The twelve pairs of cranial nerves provide the majority of nervous control to the head. Innervation to the muscles of the face, which allow one to do actions like smile or grimace, is primarily provided by the facial nerve, the seventh cranial nerve. The sensation to the face is provided by the branches of the trigeminal nerve, the fifth cranial nerve. Sensation to other portions of the head is provided by the cervical nerves.

Modern texts are in agreement about which areas of the skin are served by which nerves, but there are minor variations in some of the details. The borders designated by diagrams in the 1918 edition of Gray's Anatomy are similar but not identical to those generally accepted today.

The cutaneous innervation of the head is as follows:

- Ophthalmic nerve (green)
- Maxillary nerve (pink)
- Mandibular nerve (yellow)
- Cervical plexus (purple)
- Dorsal rami of cervical nerves (blue) and others are in picture which show following in upper column

== Function ==
The head contains sensory organs: two eyes, two ears, a nose and tongue inside of the mouth. It also houses the brain. Together, these organs function as a processing center for the body by relaying sensory information to the brain. Humans can process information faster by having this central nerve cluster. The special senses of Olfaction, vision, taste, hearing and vestibular function are encoded by highly specialized sense organs and transmitted to the brain via cranial nerves.

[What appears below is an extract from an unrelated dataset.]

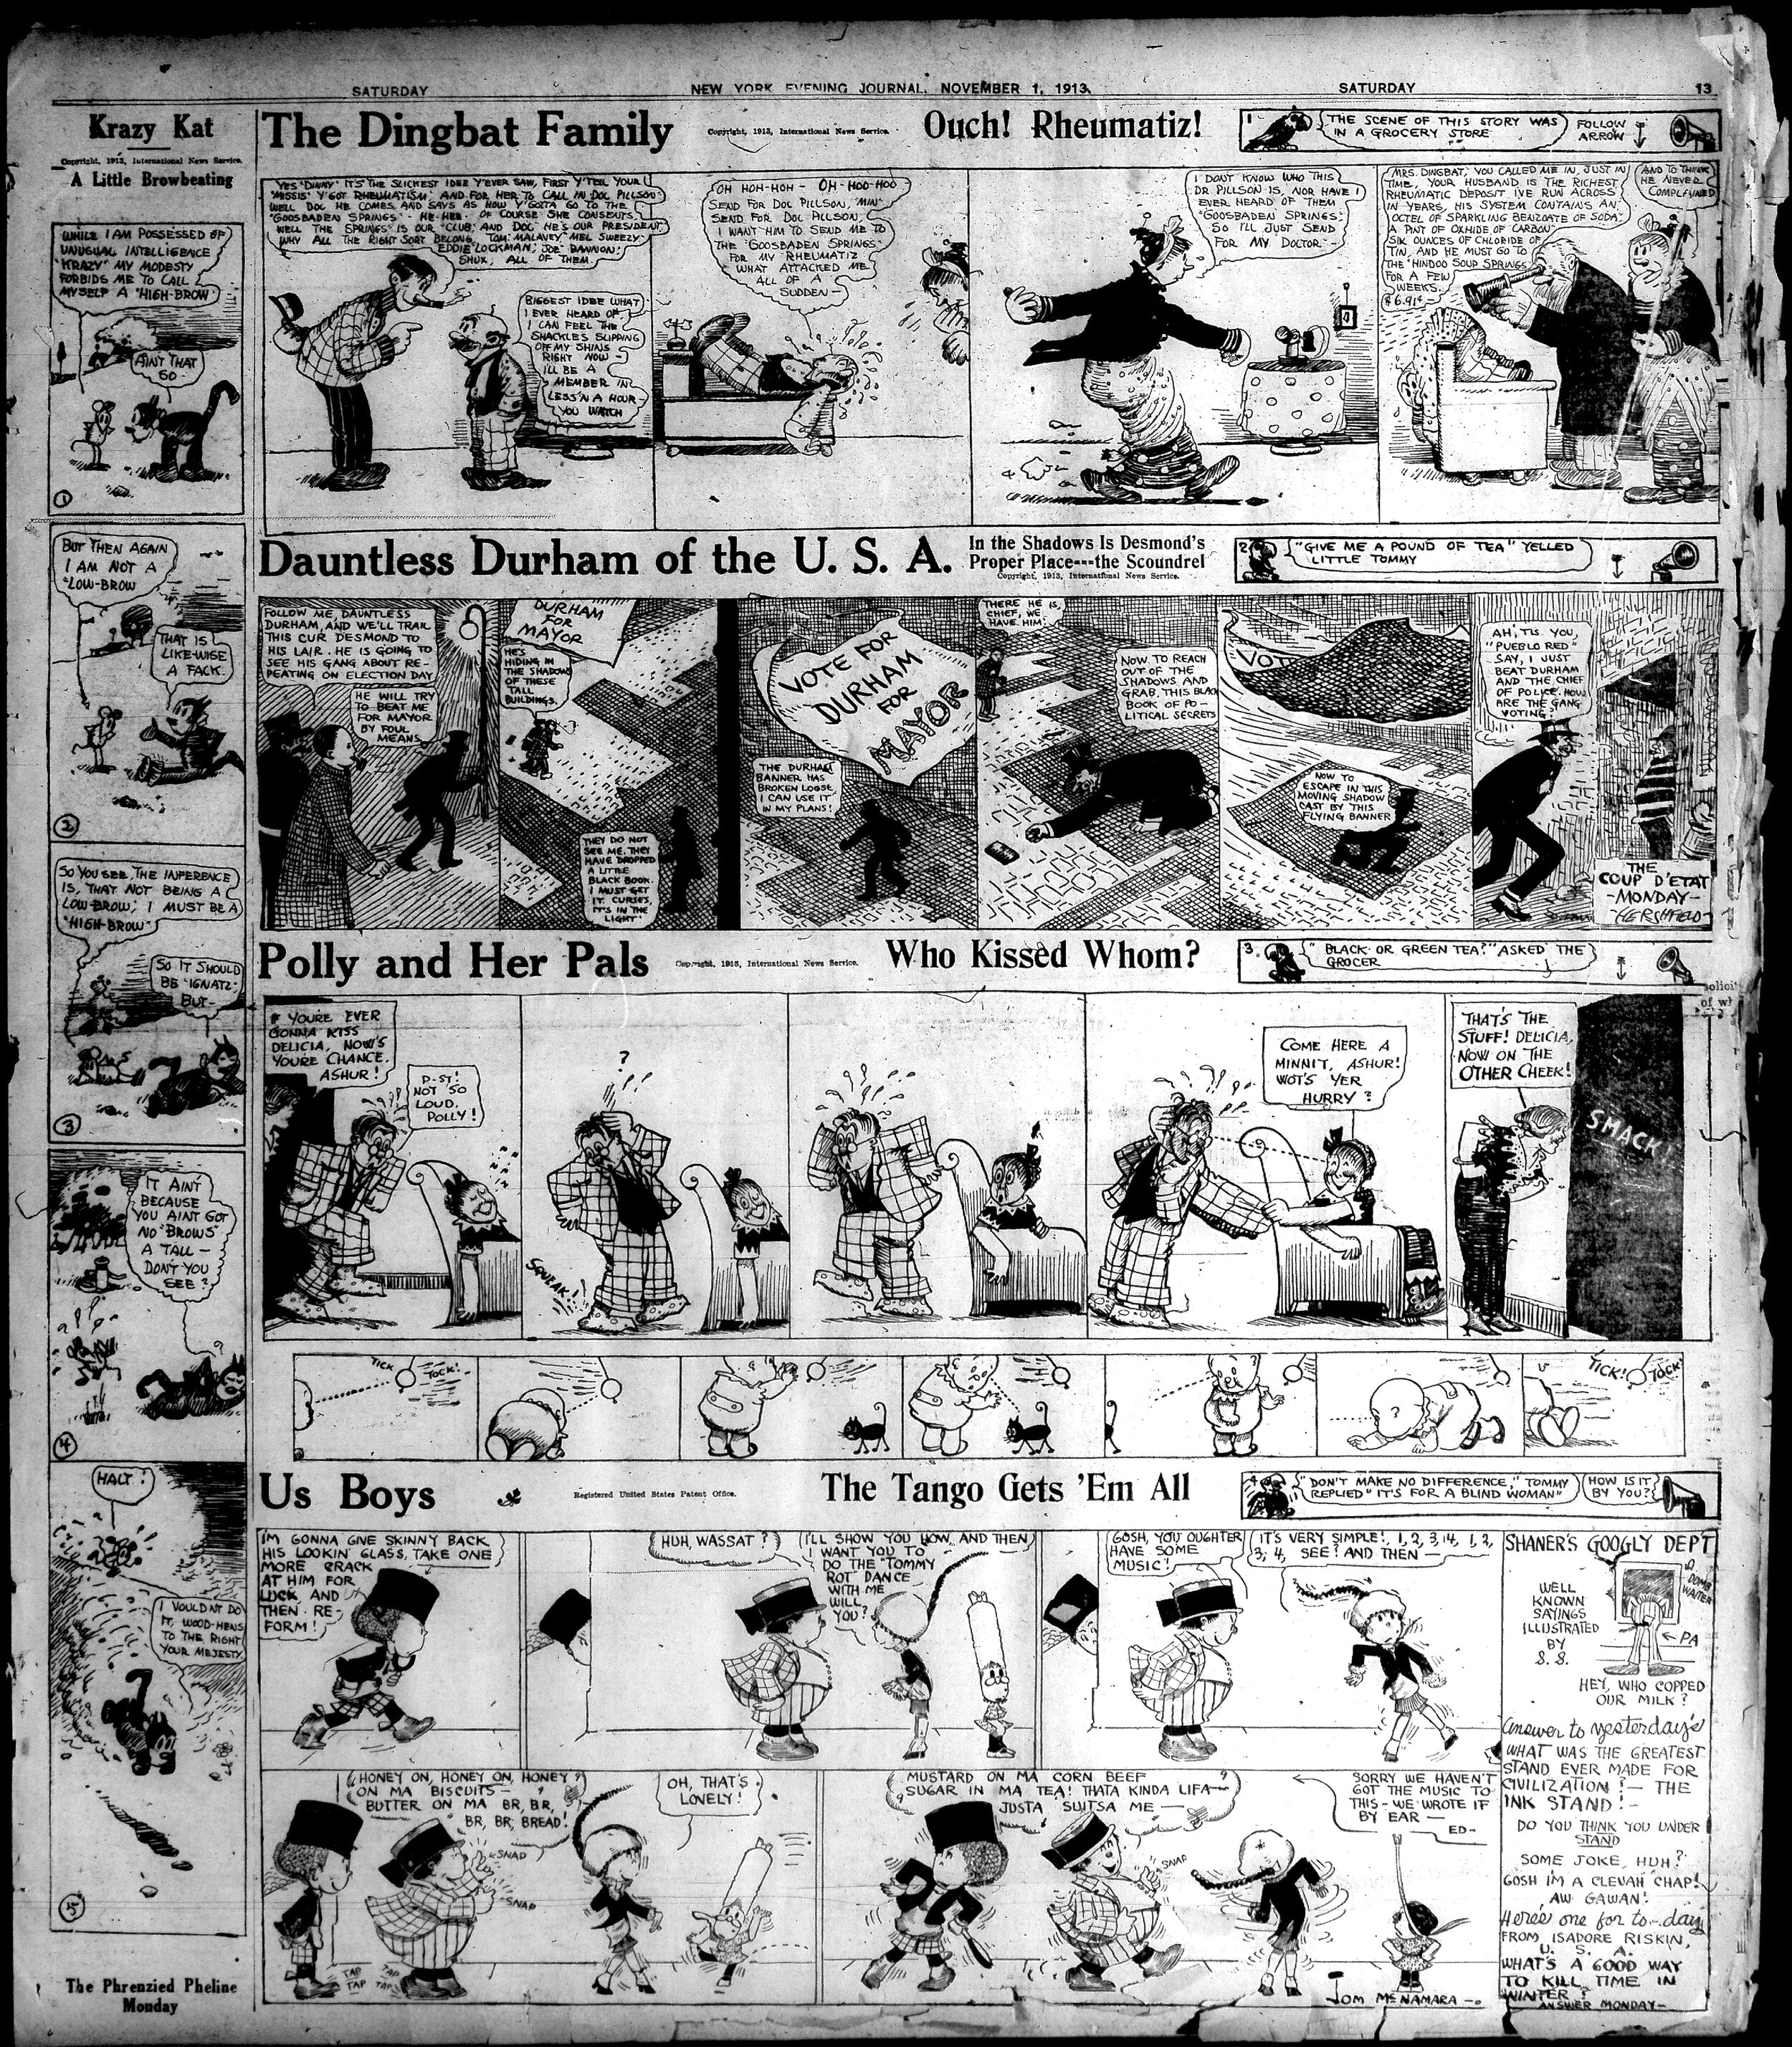 13-nyej-11-1-1913-comics-page-with-rheumatism-gag-in-dingbat-family.jpg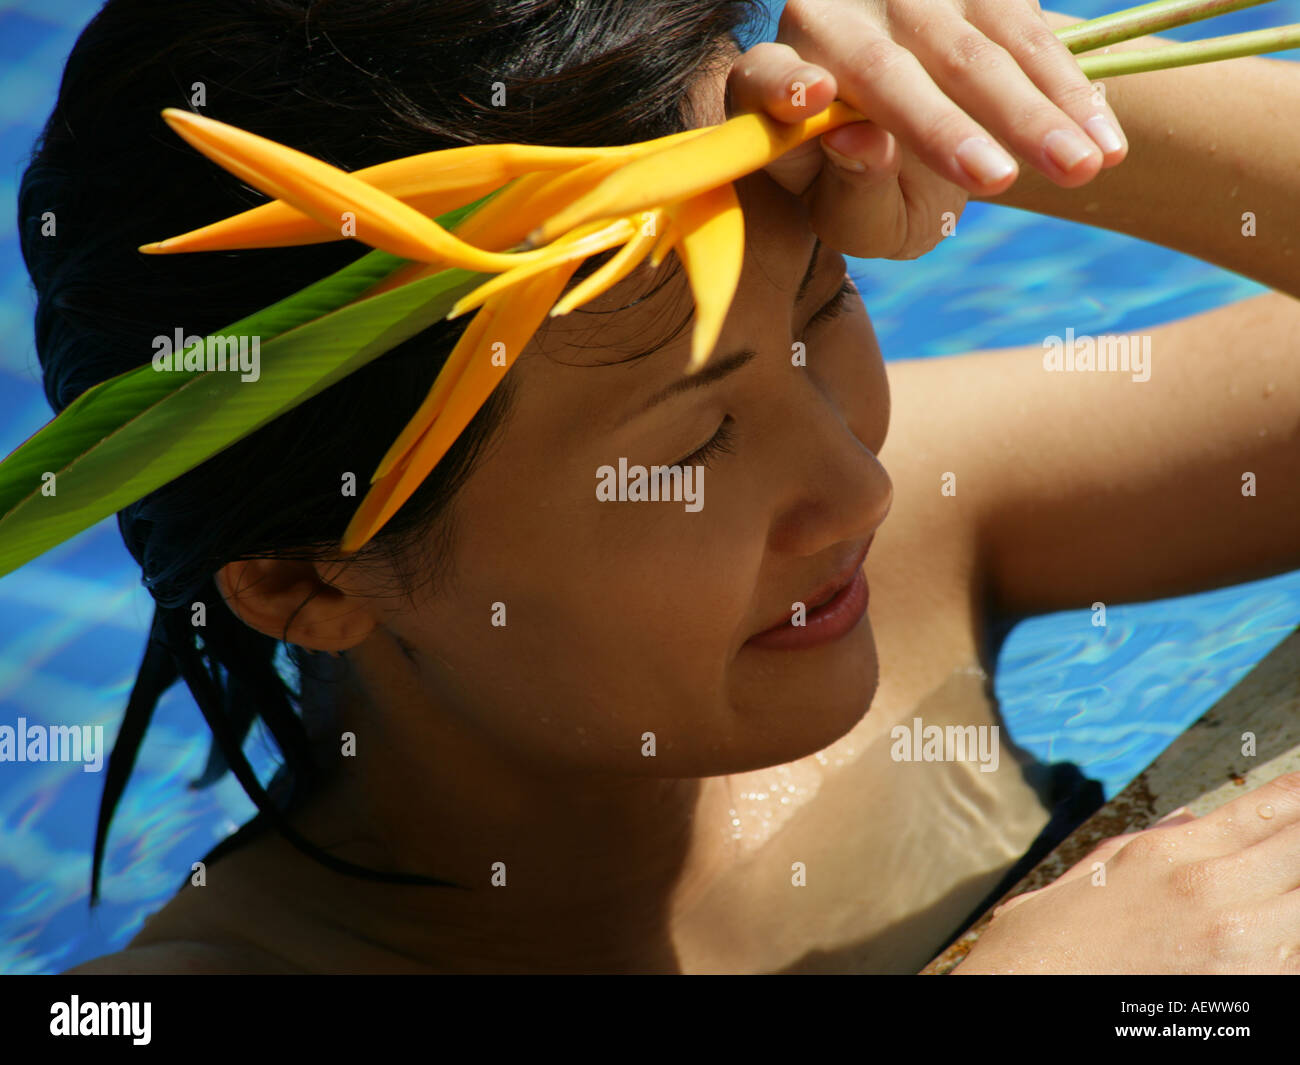 Close up of a young woman leaning at the poolside and holding a bird of paradise flower Caesalpinia gilliesii  Stock Photo

Structurally on the interior, the skull protects the brain and supports the facial region, while the jaw and oral cavity enable chewing, speech articulation, and the initial stages of digestion.

==Society and culture==
For humans, the front of the head (the face) is the main distinguishing feature between different people due to its easily discernible features, such as eye and hair colors, shapes of the sensory organs, and the wrinkles. Humans easily differentiate between faces because of the brain's predisposition toward facial recognition. When observing a relatively unfamiliar species, all faces seem nearly identical. Human infants are biologically programmed to recognize subtle differences in anthropomorphic facial features.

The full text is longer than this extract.